Our data will be of clinical relevance to clinicians treating children with CLD and to their parents, not only the parents of live-born children who were unaware of their child’s defect prior to delivery, but also the parents who know they are expecting a child with a CLD. The latter group is becoming more and more significant with all the possibilities for information now offered by prenatal diagnostics.

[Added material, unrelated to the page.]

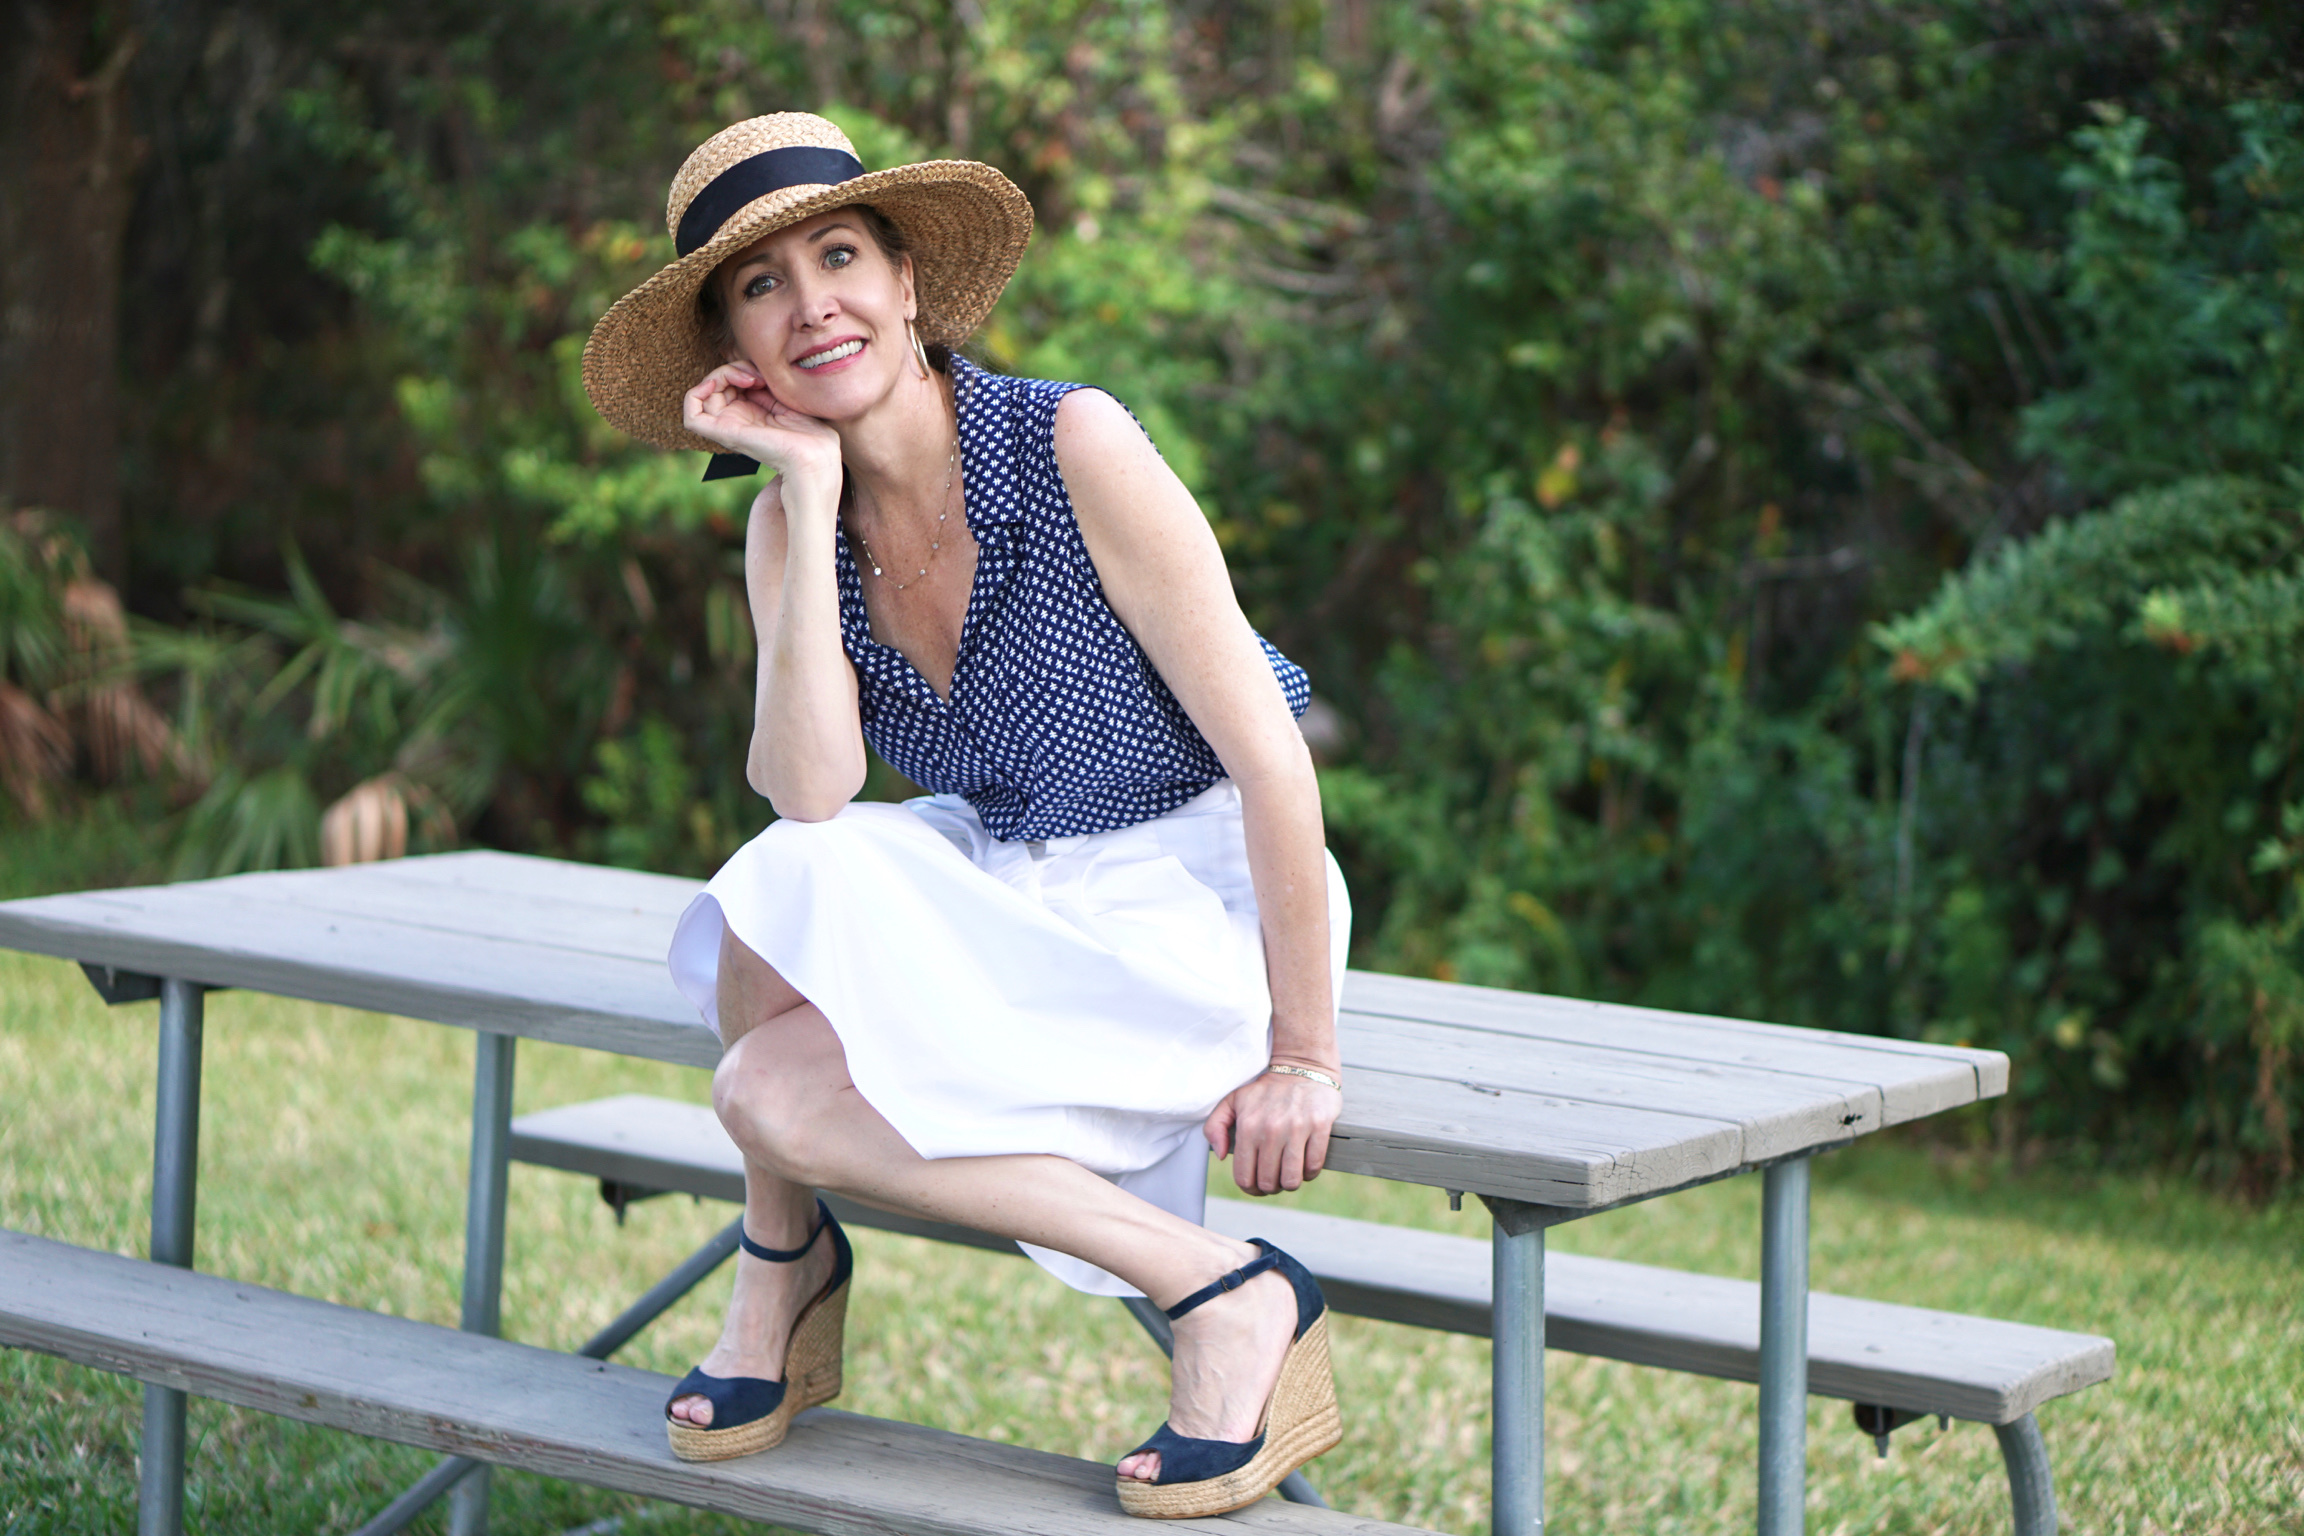 NINA ANDERS, WWW.SHARINGAJOURNEY.COM shares HER thoughts about Turning 58 Years Old. WEARING STRAW HAT, NAVY SHIRT AND WHITE SKIRT
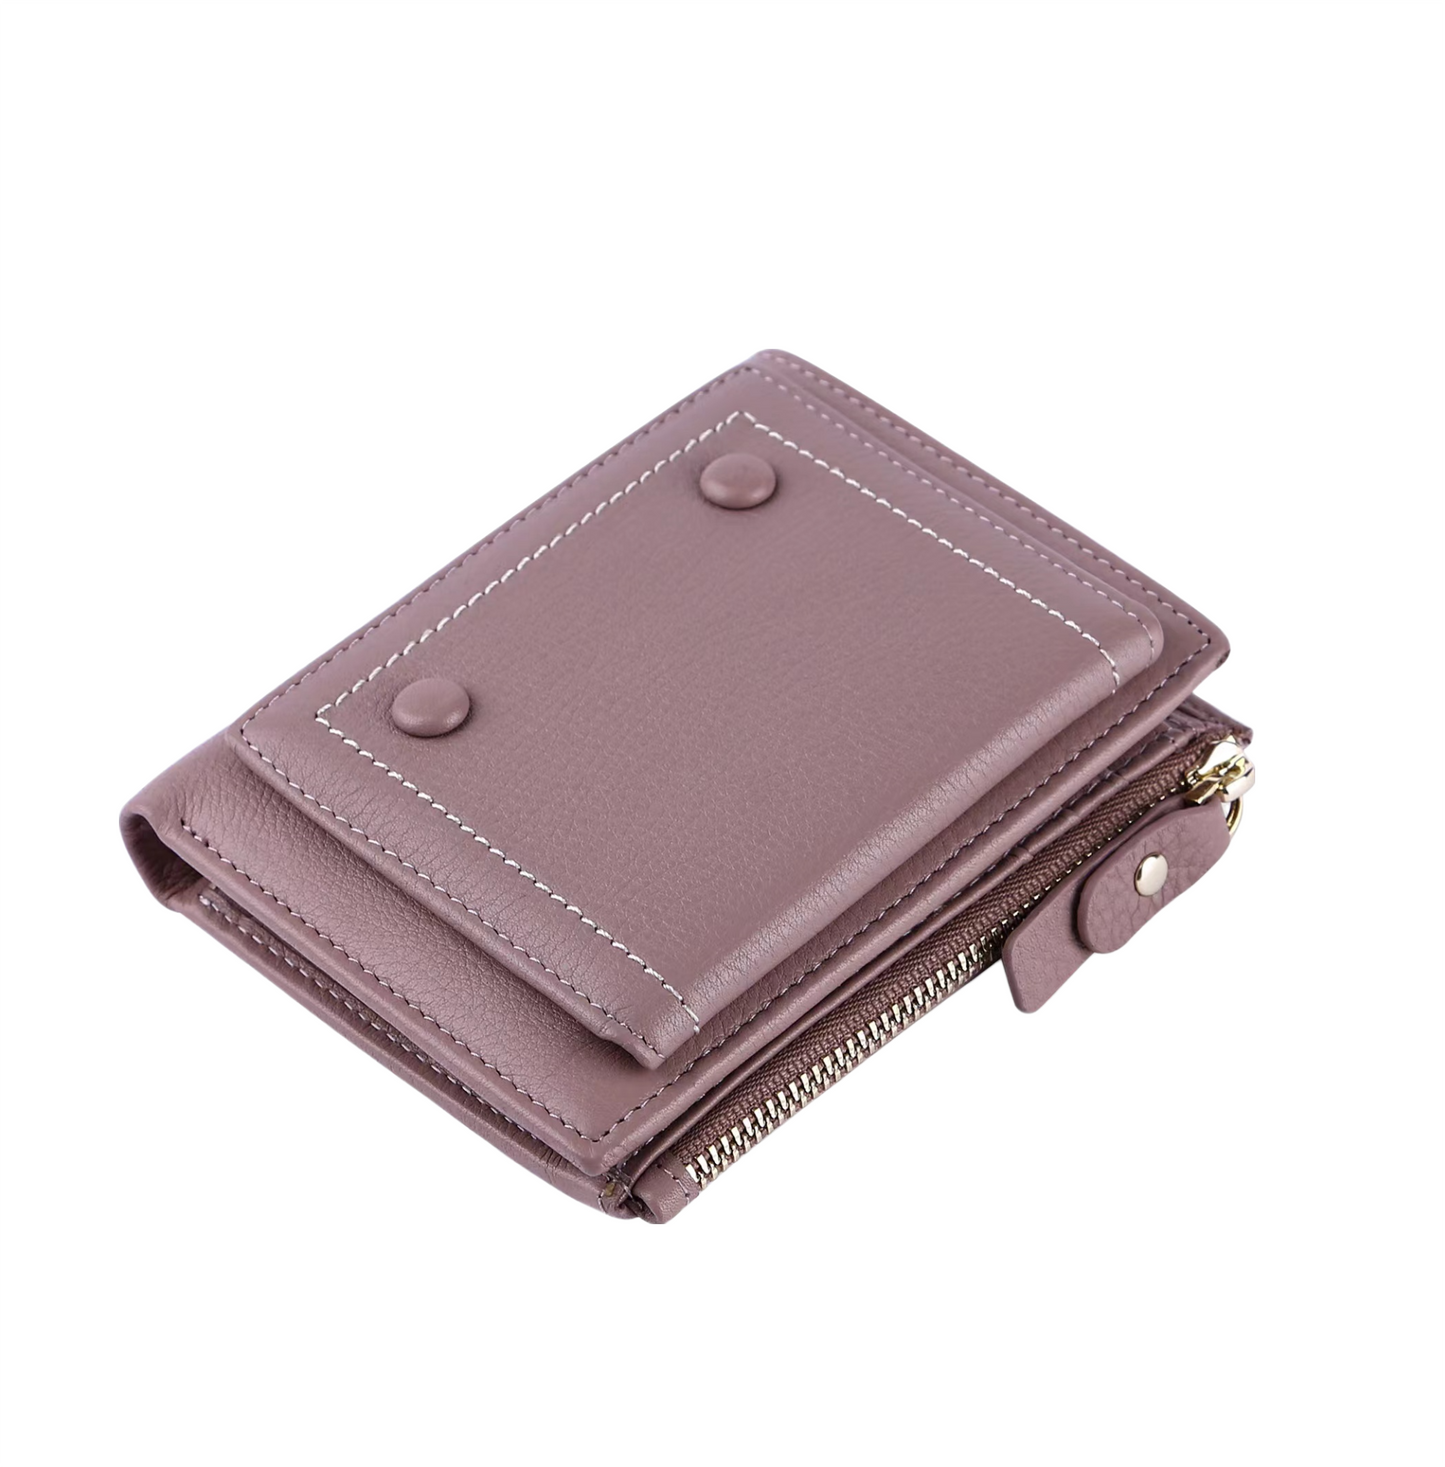 Women's genuine cowhide leather short wallet coin pouch / card holder Flap design with zip

A limitation of our study may be the relatively small number of children with MCA included in the analysis for associations. The response rate for the parental consent for the registration of their child is fairly high (80%). Nevertheless, we cannot exclude the fact that underestimation of the true BP of CLD may have occurred. This type of underestimation, due to the voluntary participation of parents or notifying sources, is also likely to be present in other birth defects registries (e.g., Tuscany and Emilia-Romagna, Italy; Paris, France; United Kingdom; Austria; Switzerland; Spain) [28]. A further limitation may be the classification system used. Although there are several classifications of CLD [1, 40, 41] available, they all pose difficulties. The International Federation of Societies for Surgery of the Hand has adopted the morphological classification of Swanson et al. [40]. However, this classification for CLD has not been accepted by all surgeons [14], and difficulties based on this classification have been reported [20]. Furthermore, Swanson’s classification is a more morphological classification, and does not conform to the aim of our study, which was to provide a descriptive overview of CLD. Stoll et al. [42] proposed a purely descriptive classification of CLD, which complied with the purposes of this article. However, Stoll et al.’s classification did not allow for CLD that were included in the “other CLD” category (e.g. arthrogryposis). We therefore used a classification based on ICD-9 and ICD-10 [29, 30].